Four months after red tide appeared on the shores of Anna Maria Island, effects of the tiny Karenia brevis continue to wreak havoc on marine life and livelihoods.

The National Oceanic and Atmospheric Administration declared an unusual mortality event for bottlenose dolphins. An initial UME had been declared Aug. 30.

The move was prompted by a die-off of dolphins along the southwest Florida coast, including two juvenile dolphins that washed up at the Kingfish Boat Ramp, 732 Manatee Ave., Holmes Beach.

The weekend of Nov. 24-25, Mote Marine Laboratory collected the dolphins for testing. They were two of four found in the Tampa Bay area.

Kim Amendola, media adviser for the southeast region for the National Oceanic and Atmospheric Administration, informed The Islander Nov. 30 that 42 dolphins had stranded/died since Nov. 21. Those numbers, when added to a tally of dolphin deaths attributed to red tide since the bloom began a year ago, bring the known total of deceased Gulf dolphins to 123.

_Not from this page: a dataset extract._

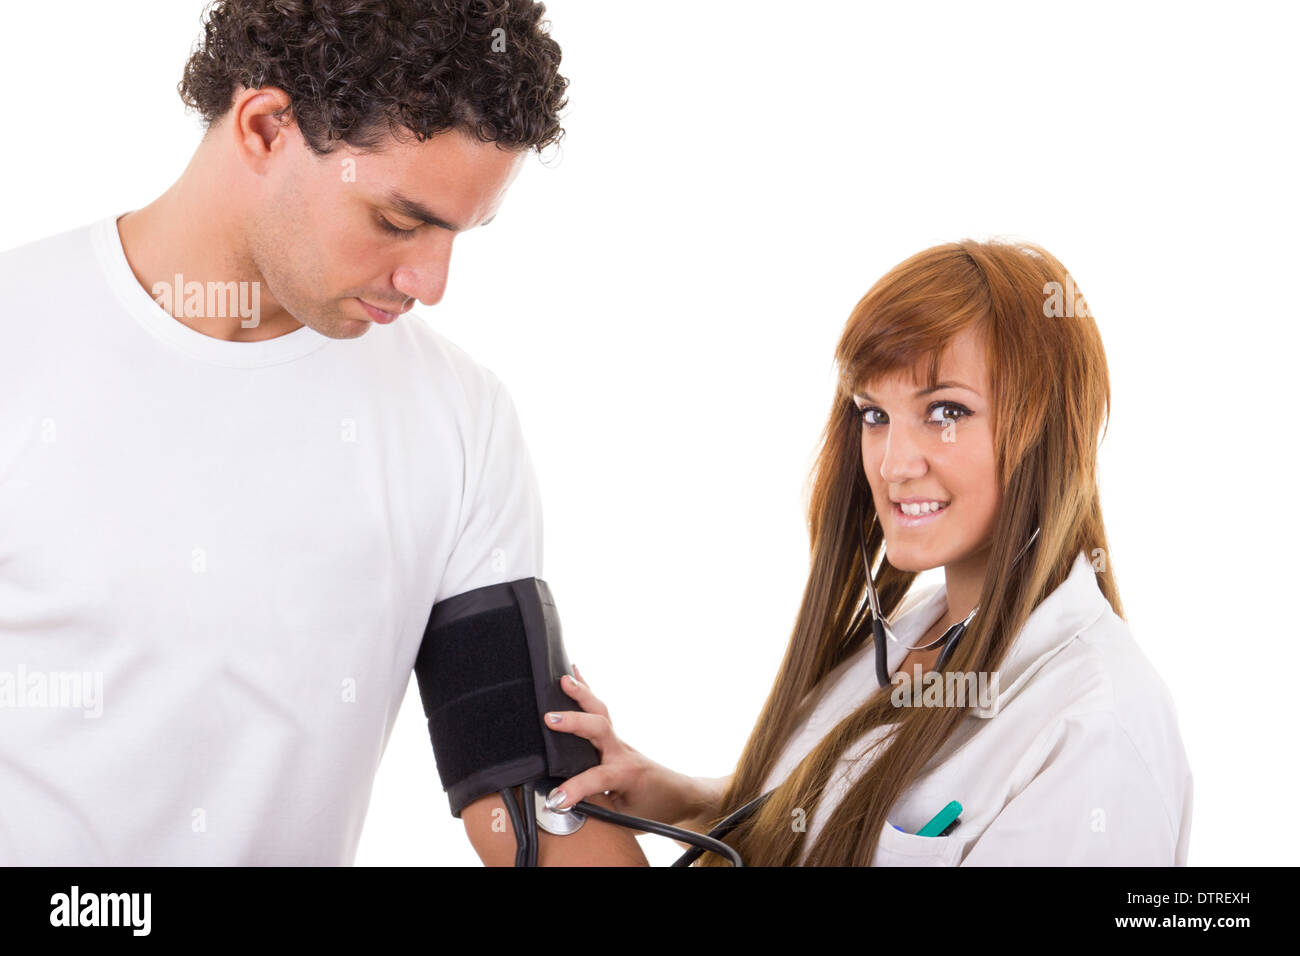 Infermiera professionale o medico misura la pressione sanguigna di un paziente Foto Stock

A third of the dead dolphins were found Nov. 21-30 and scientists were scrambling to decipher why.

“Of the 16 dolphins from this event tested so far, all 16 tested positive for red tide,” Amendola said. “It’s suspected red tide is the cause of the other stranded dolphins as well. However, it may take weeks to get test results back from more animals.”

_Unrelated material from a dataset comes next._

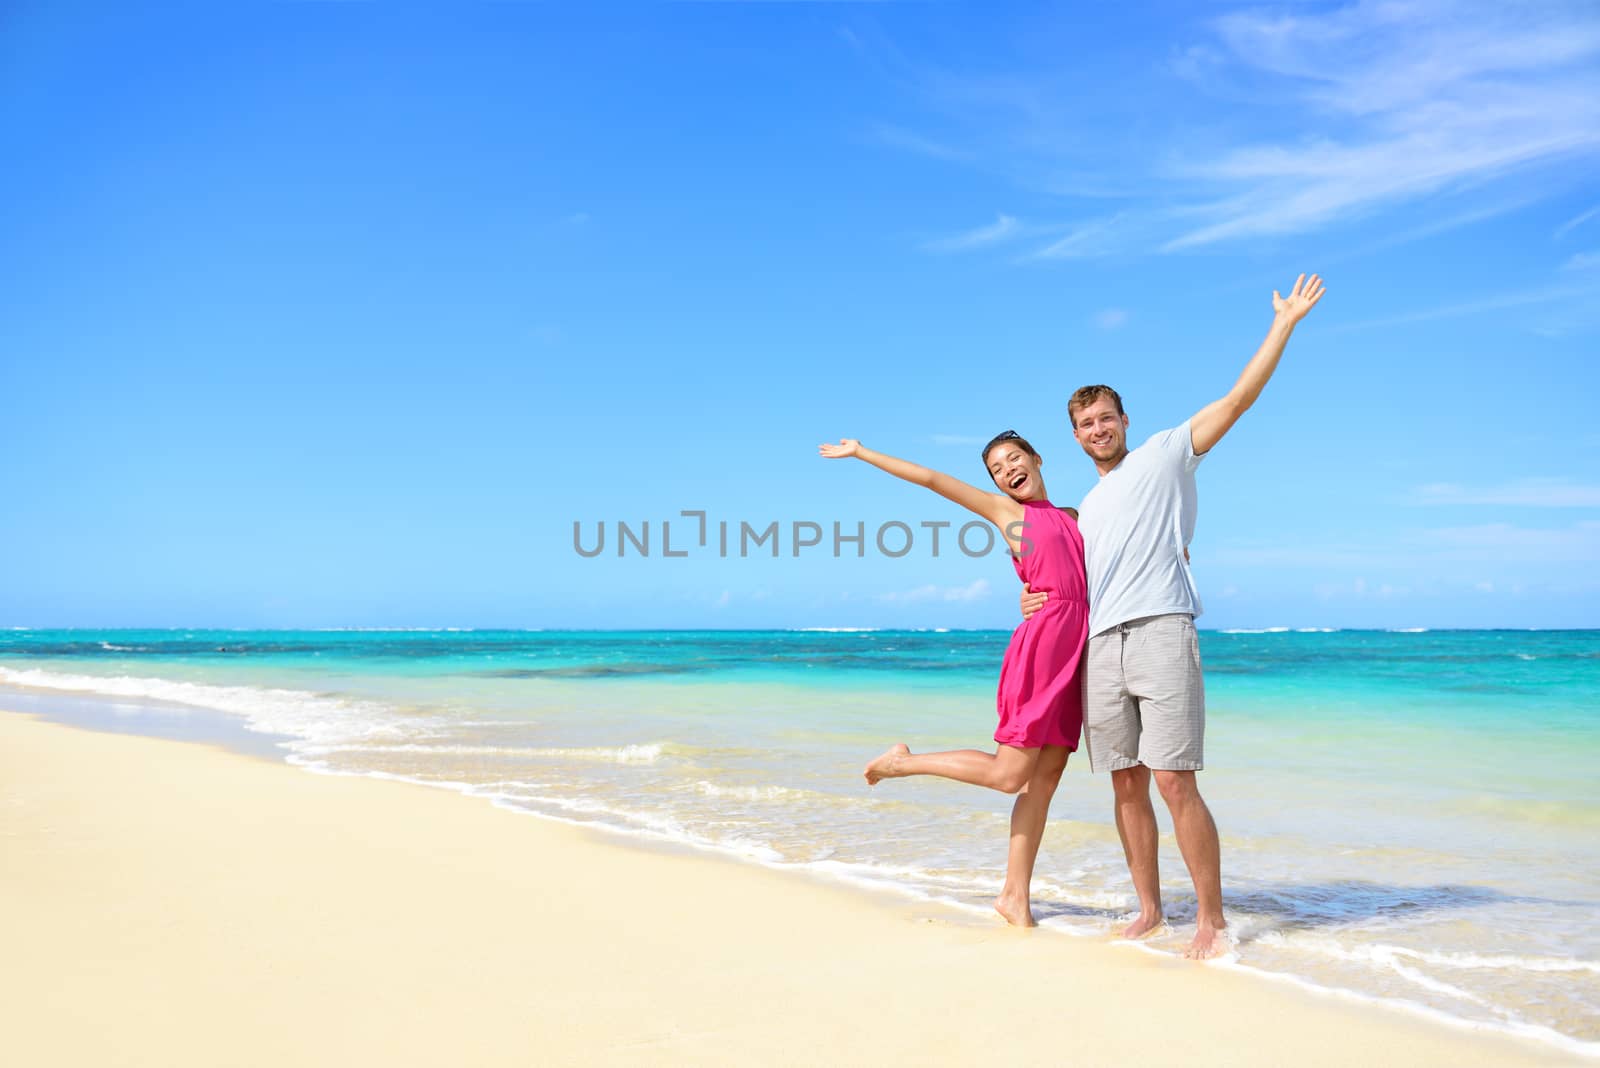 Freedom on beach vacation - happy carefree couple by Maridav

The job of collection and necropsy has fallen to Mote Marine’s Gretchen Lovewell and her team.

The team has been on the front lines, pulling in deceased dolphins, taking tissue samples and attempting to pinpoint the causes of death.

Further south, dolphins also are dying.

Between Nov. 21-29, 37 dolphins washed ashore, with 15 of those appearing Nov. 27 alone, the Naples News-Press reported.

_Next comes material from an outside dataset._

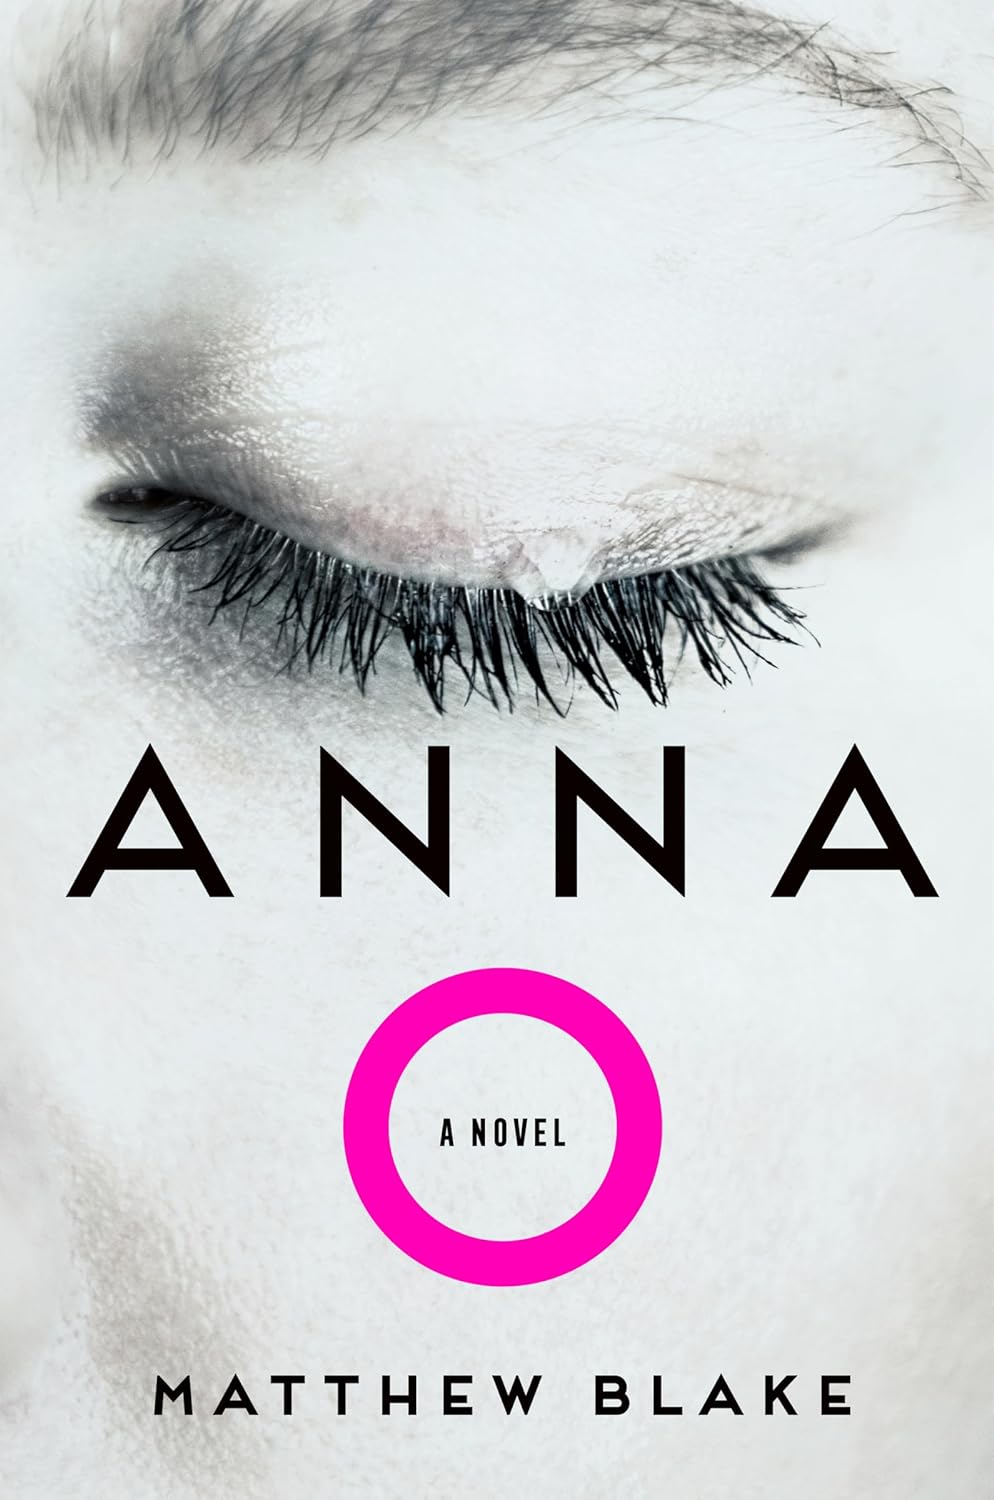 Image for "Anna O"

Meanwhile, for Manatee County, the National Weather Service issued a four -day beach hazard alert Nov. 26, then extended it through Monday, Dec. 3. Potential red tide respiratory irritation impacts were cited as the reason and the hazard reached inland to Interstate 75.

Also, water samples taken by the Florida Fish and Wildlife Conservation Commission continued to show concentrations of red tide in the area.

Medium concentrations of 100,000- to 1 million-parts per liter were found at the Palma Sola Causeway bridge Nov. 26, while water at the Longboat Pass Boat Ramp in Bradenton Beach showed low concentrations of 10,000 to 100,000.

The numbers reflected lower levels of red tide as concentrations continued to bounce up and down.

Locals hoped the cold snap Nov. 27-29 would help tamp down the red tide, but those hopes were dashed.

Scientists at the Florida Fish and Wildlife Institute in St. Petersburg said the traditional lore that winter and cold water kill a red tide bloom is not true.

The institute said in October that a drop in the water temperature would have no effect on a red tide bloom.

Snowbirds have begun returning to Anna Maria Island for the winter, and shops and restaurants are filling up once again.

But red tide continued to percolate in the Gulf, and scientists continued to struggle with understanding why.